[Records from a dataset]
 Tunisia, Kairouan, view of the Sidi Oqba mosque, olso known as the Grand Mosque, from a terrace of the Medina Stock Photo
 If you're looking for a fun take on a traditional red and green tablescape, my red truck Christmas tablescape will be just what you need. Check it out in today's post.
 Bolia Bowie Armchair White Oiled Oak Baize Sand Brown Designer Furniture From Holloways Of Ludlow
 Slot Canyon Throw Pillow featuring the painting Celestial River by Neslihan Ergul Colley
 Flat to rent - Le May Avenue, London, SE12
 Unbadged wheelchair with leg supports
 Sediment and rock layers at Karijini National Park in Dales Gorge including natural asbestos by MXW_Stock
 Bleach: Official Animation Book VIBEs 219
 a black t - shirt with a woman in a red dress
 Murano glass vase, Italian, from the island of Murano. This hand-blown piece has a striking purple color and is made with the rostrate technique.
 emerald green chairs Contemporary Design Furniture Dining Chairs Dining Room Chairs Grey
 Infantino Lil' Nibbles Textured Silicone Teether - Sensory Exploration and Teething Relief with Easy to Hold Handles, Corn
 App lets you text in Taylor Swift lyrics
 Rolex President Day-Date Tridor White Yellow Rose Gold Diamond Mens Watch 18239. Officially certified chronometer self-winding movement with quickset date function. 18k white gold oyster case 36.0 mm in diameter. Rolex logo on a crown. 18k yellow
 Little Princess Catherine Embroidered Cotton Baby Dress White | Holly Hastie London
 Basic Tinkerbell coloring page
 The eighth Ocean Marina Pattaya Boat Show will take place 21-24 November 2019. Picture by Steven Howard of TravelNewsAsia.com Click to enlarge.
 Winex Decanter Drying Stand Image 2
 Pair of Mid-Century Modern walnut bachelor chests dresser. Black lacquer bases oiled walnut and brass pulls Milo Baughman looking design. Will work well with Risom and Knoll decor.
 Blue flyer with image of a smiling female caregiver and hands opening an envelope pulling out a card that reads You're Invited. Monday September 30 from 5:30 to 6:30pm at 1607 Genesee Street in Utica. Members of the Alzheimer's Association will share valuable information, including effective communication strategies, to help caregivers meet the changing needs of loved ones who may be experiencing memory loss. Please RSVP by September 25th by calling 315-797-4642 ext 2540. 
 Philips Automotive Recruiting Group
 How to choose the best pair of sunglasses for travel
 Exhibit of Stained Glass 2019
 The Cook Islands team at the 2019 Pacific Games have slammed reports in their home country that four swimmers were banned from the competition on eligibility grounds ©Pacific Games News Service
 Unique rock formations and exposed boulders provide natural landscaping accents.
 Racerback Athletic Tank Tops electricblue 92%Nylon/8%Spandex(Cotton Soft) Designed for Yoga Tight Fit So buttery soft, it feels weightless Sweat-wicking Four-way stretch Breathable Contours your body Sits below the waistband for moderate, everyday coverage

• What needs to be done: Leave out every line above except those from the line with "Philips Automotive Recruiting Group" up to and including the line with "Unique rock formations", and copy those exactly.

• Reply to the task:
 Philips Automotive Recruiting Group
 How to choose the best pair of sunglasses for travel
 Exhibit of Stained Glass 2019
 The Cook Islands team at the 2019 Pacific Games have slammed reports in their home country that four swimmers were banned from the competition on eligibility grounds ©Pacific Games News Service
 Unique rock formations and exposed boulders provide natural landscaping accents.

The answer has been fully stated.